ACTIVITY
You are asked to copy the entire listing exactly, apart from its pictures.

DATA
————————
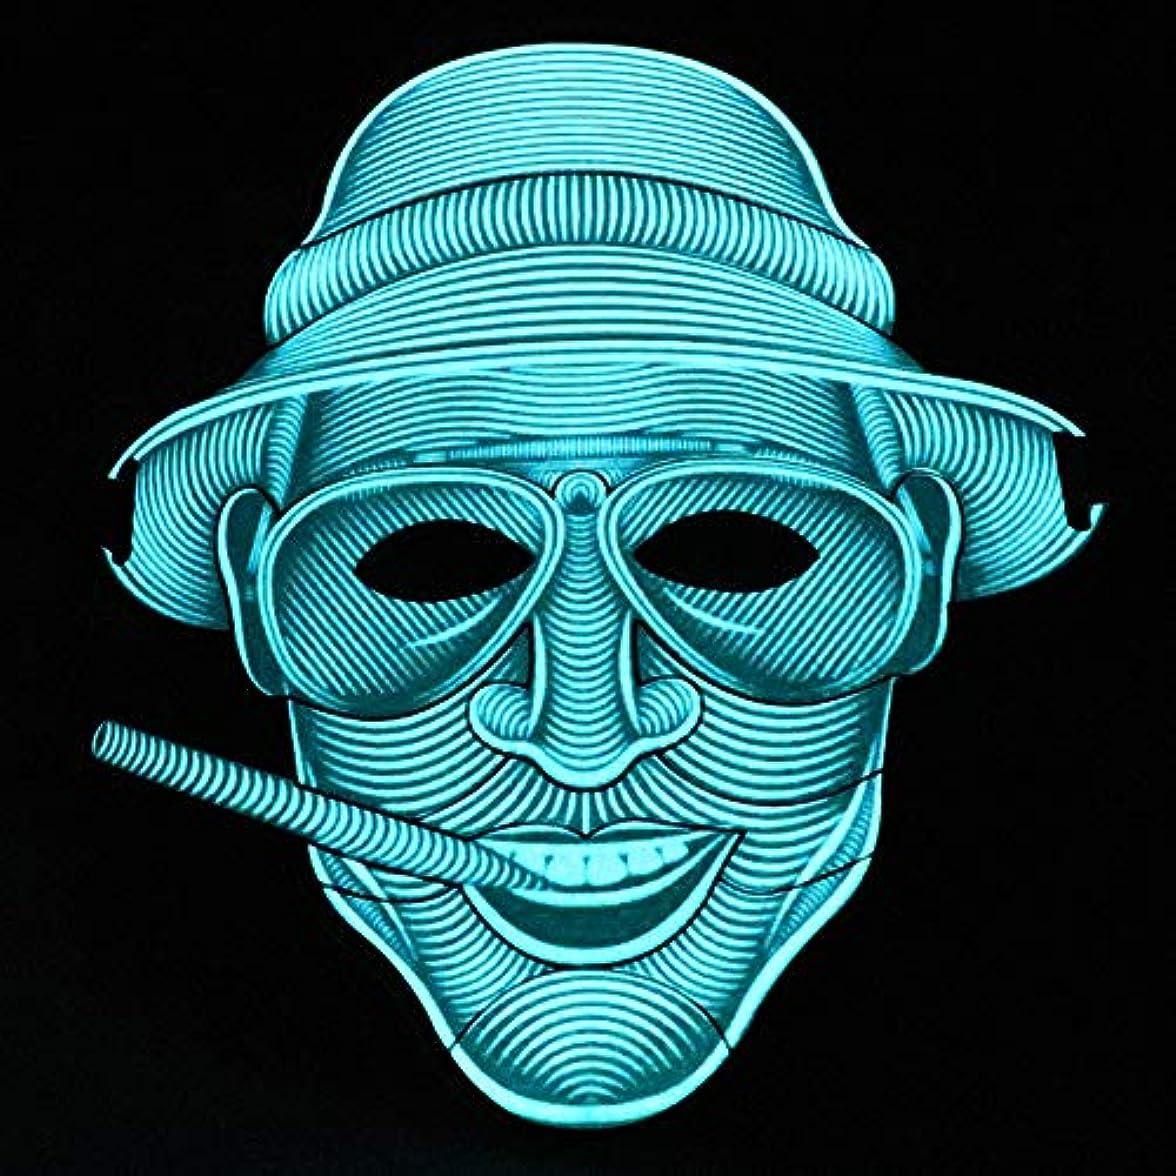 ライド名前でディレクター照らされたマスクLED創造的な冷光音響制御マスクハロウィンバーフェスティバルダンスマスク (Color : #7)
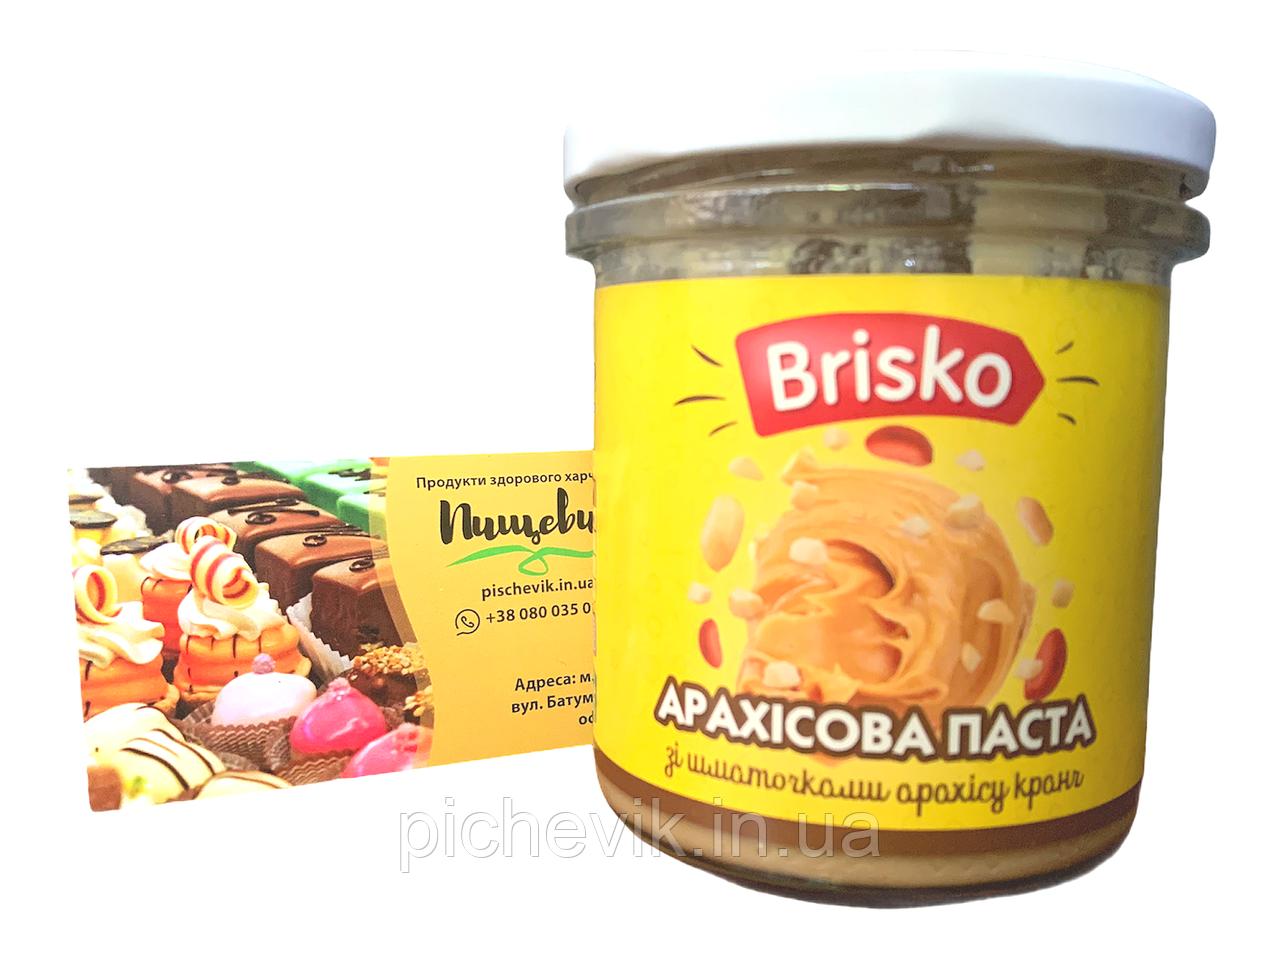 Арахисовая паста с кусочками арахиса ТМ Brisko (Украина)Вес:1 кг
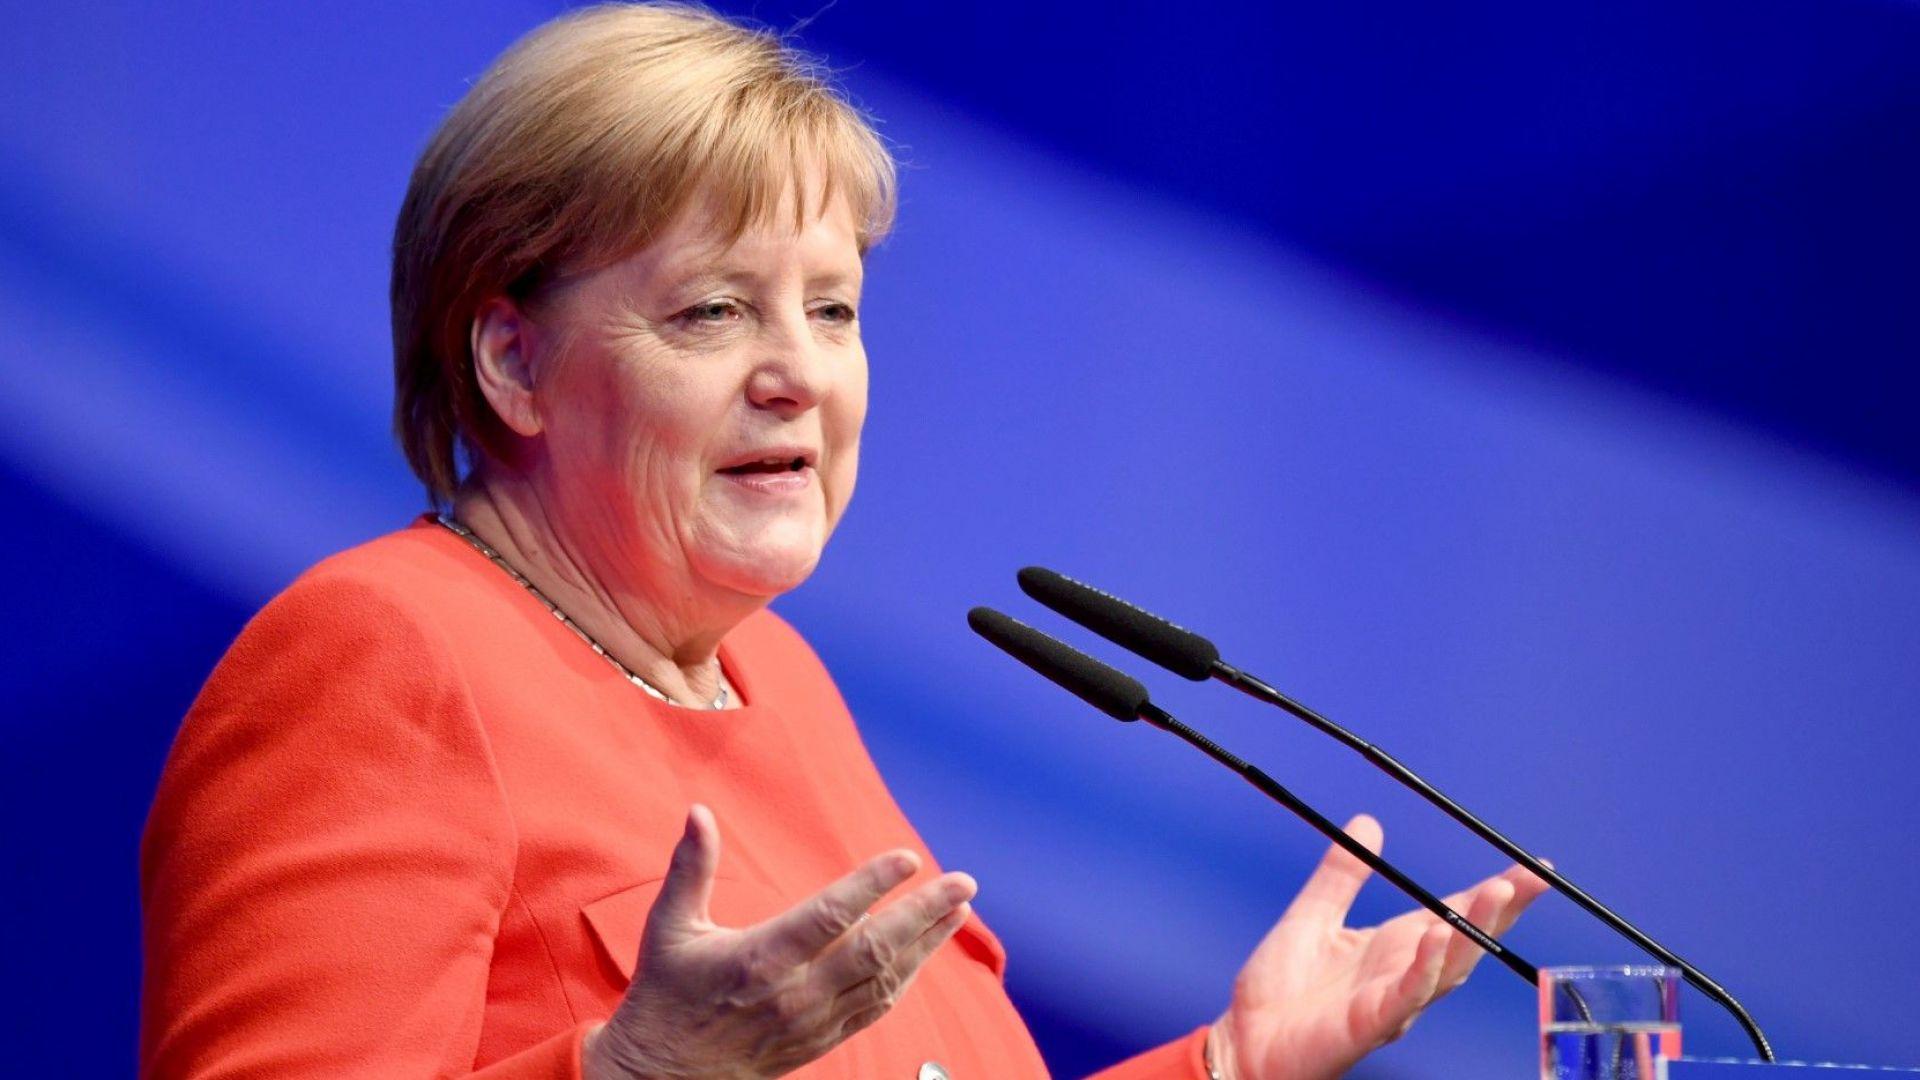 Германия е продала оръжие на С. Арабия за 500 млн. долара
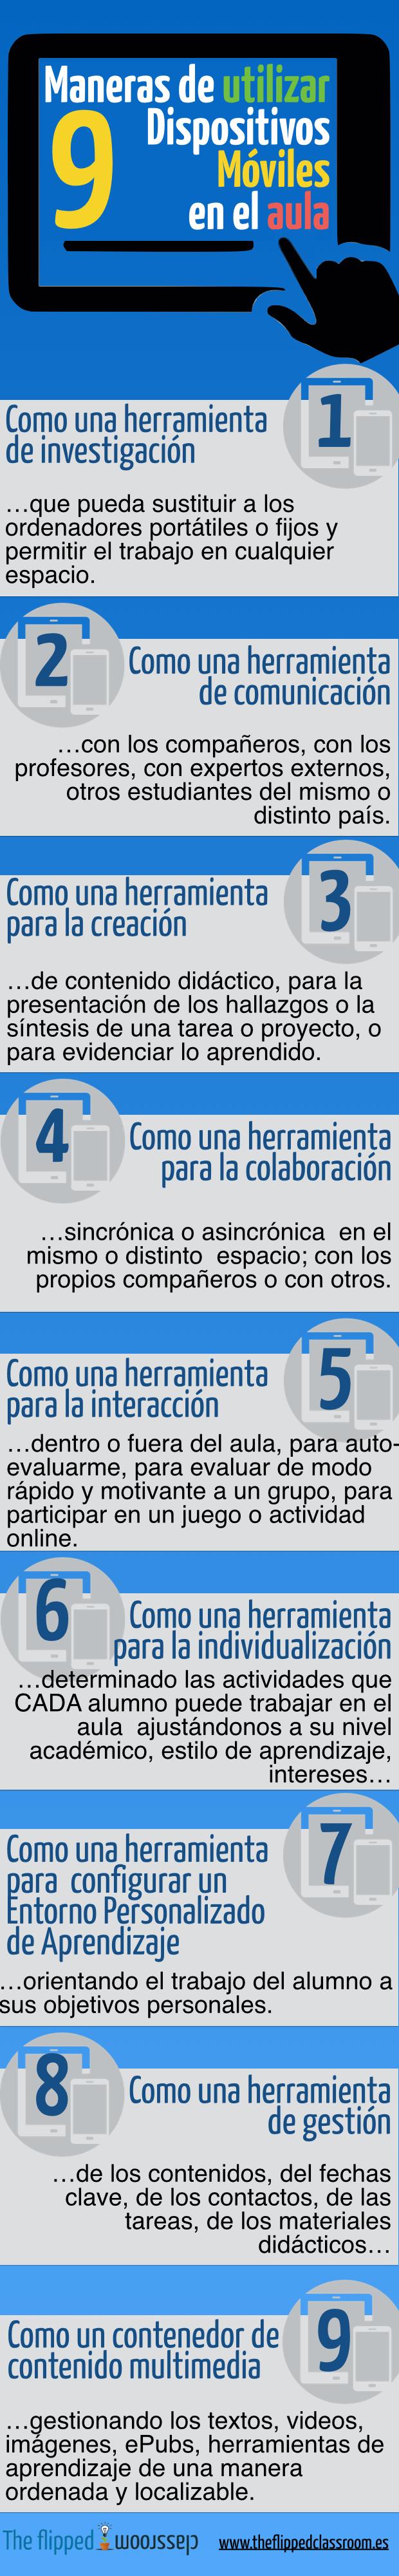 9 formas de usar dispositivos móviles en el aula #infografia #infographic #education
————————
ANSWER FOR THIS EXERCISE
 ライド名前でディレクター照らされたマスクLED創造的な冷光音響制御マスクハロウィンバーフェスティバルダンスマスク (Color : #7)
 Арахисовая паста с кусочками арахиса ТМ Brisko (Украина)Вес:1 кг
 Германия е продала оръжие на С. Арабия за 500 млн. долара
 9 formas de usar dispositivos móviles en el aula #infografia #infographic #education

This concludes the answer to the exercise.